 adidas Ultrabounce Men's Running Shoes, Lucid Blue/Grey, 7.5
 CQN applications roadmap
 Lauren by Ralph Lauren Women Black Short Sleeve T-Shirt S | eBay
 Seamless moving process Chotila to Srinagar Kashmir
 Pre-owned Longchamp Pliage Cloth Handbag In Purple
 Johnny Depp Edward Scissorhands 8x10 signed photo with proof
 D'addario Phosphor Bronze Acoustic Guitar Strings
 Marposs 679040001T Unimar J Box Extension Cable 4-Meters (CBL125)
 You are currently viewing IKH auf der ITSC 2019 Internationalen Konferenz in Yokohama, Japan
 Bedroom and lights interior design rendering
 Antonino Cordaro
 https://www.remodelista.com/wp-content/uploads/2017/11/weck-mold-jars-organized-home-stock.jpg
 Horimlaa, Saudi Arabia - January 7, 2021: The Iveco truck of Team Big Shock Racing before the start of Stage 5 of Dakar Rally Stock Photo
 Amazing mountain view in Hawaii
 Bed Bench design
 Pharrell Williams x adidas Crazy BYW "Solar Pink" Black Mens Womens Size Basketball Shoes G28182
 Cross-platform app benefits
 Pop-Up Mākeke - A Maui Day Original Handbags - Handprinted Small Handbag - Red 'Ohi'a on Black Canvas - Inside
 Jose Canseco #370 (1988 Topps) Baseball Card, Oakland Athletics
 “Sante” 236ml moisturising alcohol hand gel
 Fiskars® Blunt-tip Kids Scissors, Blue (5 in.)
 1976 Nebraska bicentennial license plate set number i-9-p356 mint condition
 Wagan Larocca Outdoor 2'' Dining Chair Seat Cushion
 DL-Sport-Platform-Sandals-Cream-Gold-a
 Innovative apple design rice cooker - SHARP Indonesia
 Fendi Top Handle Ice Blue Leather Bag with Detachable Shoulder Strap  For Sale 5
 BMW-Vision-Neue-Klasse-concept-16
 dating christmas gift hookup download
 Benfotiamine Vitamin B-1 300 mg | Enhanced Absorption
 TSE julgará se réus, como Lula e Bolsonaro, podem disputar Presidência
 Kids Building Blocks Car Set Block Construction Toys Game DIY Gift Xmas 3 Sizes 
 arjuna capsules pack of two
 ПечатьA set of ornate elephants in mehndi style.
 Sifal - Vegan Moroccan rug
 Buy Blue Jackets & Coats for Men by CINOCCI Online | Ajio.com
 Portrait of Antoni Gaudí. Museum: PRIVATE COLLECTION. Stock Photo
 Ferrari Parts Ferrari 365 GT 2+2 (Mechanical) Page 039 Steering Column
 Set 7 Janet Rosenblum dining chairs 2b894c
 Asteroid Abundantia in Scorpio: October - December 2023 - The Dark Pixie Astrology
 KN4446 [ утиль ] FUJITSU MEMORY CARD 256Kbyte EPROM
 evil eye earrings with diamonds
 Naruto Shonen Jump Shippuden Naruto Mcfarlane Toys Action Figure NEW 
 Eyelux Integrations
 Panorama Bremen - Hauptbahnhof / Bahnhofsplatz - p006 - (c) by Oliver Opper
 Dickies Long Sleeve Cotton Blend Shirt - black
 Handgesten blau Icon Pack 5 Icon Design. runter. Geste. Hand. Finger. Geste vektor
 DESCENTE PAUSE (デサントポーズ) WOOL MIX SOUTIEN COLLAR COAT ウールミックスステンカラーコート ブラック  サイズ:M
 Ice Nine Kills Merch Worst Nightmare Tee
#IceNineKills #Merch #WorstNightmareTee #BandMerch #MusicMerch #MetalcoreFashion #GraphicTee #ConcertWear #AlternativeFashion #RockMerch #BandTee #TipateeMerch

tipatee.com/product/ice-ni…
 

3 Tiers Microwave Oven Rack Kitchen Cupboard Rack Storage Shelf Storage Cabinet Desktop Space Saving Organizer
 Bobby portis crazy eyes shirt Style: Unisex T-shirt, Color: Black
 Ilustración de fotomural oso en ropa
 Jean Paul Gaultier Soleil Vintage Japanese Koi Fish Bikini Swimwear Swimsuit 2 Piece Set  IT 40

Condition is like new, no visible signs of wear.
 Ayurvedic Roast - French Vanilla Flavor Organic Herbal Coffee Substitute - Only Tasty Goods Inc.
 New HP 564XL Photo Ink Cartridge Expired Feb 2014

- WORK TASK
With "adidas" as the word to match, copy each line of the records that has it.

- PROBLEM SOLUTION
 adidas Ultrabounce Men's Running Shoes, Lucid Blue/Grey, 7.5
 Pharrell Williams x adidas Crazy BYW "Solar Pink" Black Mens Womens Size Basketball Shoes G28182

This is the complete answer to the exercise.